Christy Lemire of Associated Press was more critical, writing that the film "feels obvious, preachy and heavy-handed".

=== Box office ===
The Tale of Despereaux grossed $50.9 million in the United States and Canada, and $39.6 million in other territories, for a worldwide total of $90.5 million. Produced on a budget of $60 million, the film was a box-office disappointment.

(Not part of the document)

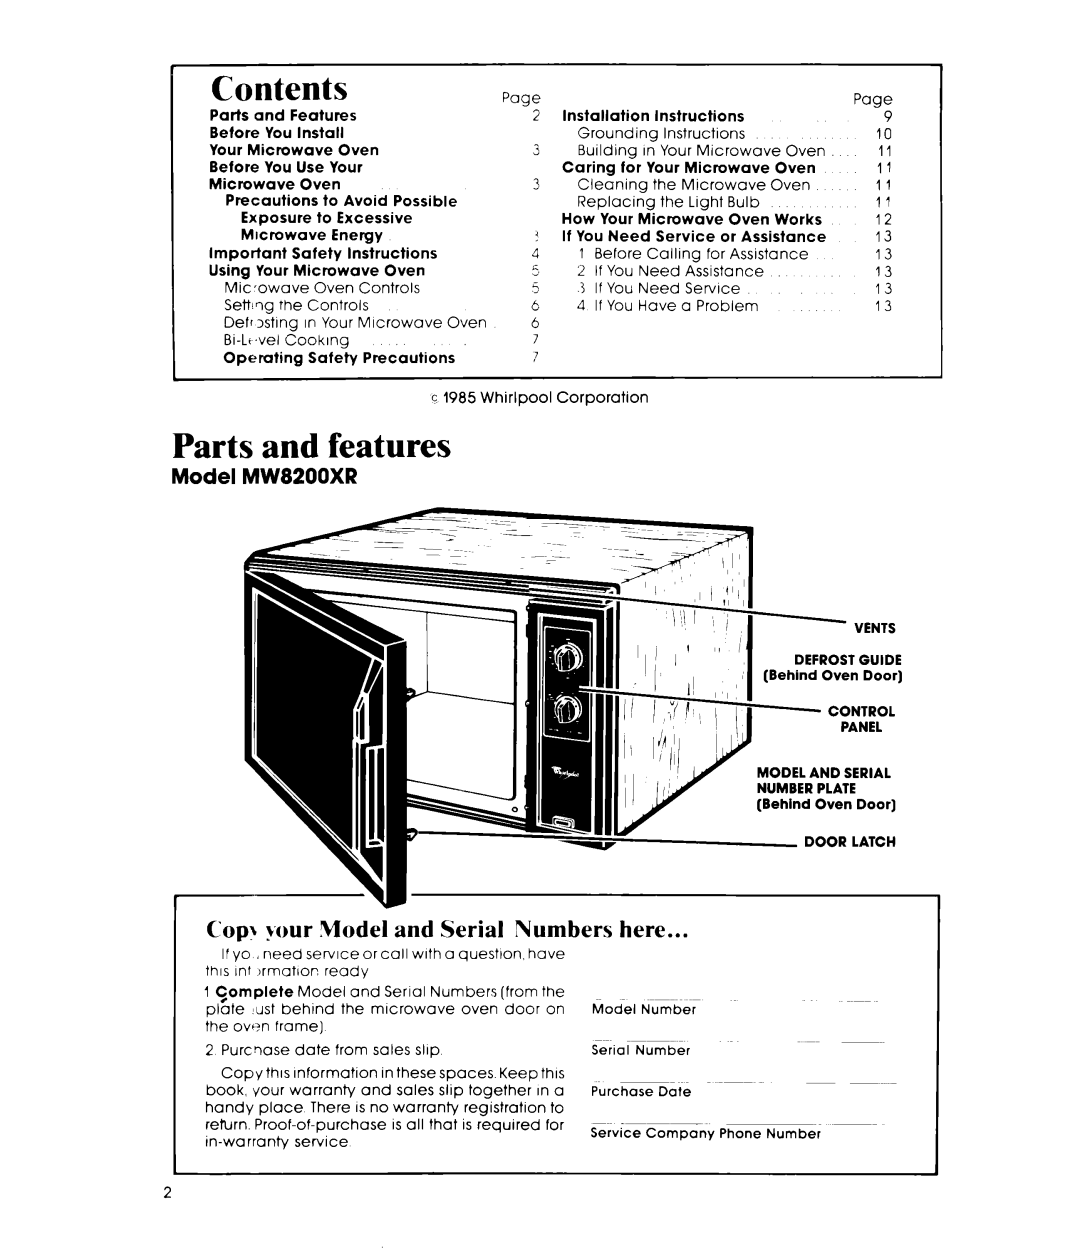 Whirlpool manual Contents, Parts and features, Cop? your Model and Serial Numbers here, Model MW8200XR

The film opened in the United States on December 19, 2008. The film grossed $3.5 million on its first day, in 3,104 theaters, with an average of $1,140 per theater; it grossed $10.1 million in its opening weekend, ranking at third behind Seven Pounds and Yes Man. It grossed $8.1 million in its first week, dropping to tenth place behind Four Christmases for a decline of -20%, though would soon make $8.9 million in its second weekend, ranking at seventh behind Seven Pounds, declining by 12% compared to its first weekend. The film closed on March 5, 2009, with a domestic total of $50.9 million.

=== Awards ===

| Award | Category | Nominee | Result | Ref(s) |
| Annie Awards 2009 | Best Directing in an Animated Feature Production | Rob Stevenhagen, Sam Fell | Nominated |  |
| Best Music in an Animated Feature Production | William Ross | Nominated |
| Best Production Design in an Animated Feature Production | Evgeni Tomov | Nominated |
| Best Storyboarding in an Animated Feature Production | Rob Stevenhagen | Nominated |
| Casting Society of America, USA 2009 | Outstanding Achievement in Casting – Animation Feature | Debra Zane | Nominated |  |
| Chicago Film Critics Association Awards 2008 | CFCA Award | Best Animated Feature | Nominated |  |
| Motion Picture Sound Editors, USA 2009, Golden Reel Award | Best Sound Editing – Sound Effects, Foley, Music, Dialogue and ADR Animation in a Feature Film | Lon Bender (supervising sound editor), Chris Jargo (supervising dialogue/ADR editor), Nancy MacLeod (supervising Foley editor), Jon Title (sound designer), Peter Myles (music editor), Michael Hertlein (dialogue/ADR editor), Anna MacKenzie (ADR editor), Michelle Pazer (ADR editor), Paul Aulicino (sound effects editor), James Moriana (Foley artist), Jeffrey Wilhoit (Foley artist) and Diane Marshall (Foley artist) | Nominated |  |
| San Diego Film Critics Society Awards 2008 | Special Award | Richard Jenkins For The Visitor, Step Brothers and Burn After Reading For the body of work in the last year. | Won |  |
| Satellite Awards 2008 | Special Award | Best Motion Picture, Animated or Mixed Media | Nominated |  |

==Video game==

A video game based on the film was released December 2, 2008, for the PlayStation 2, Wii and Nintendo DS, and December 16, 2008, for Microsoft Windows. An Xbox 360 version was originally announced, but it was canceled. While the PlayStation 2, Wii and Microsoft Windows versions were an action-adventure game, the Nintendo DS version was a 2.5D side-scrolling platformer.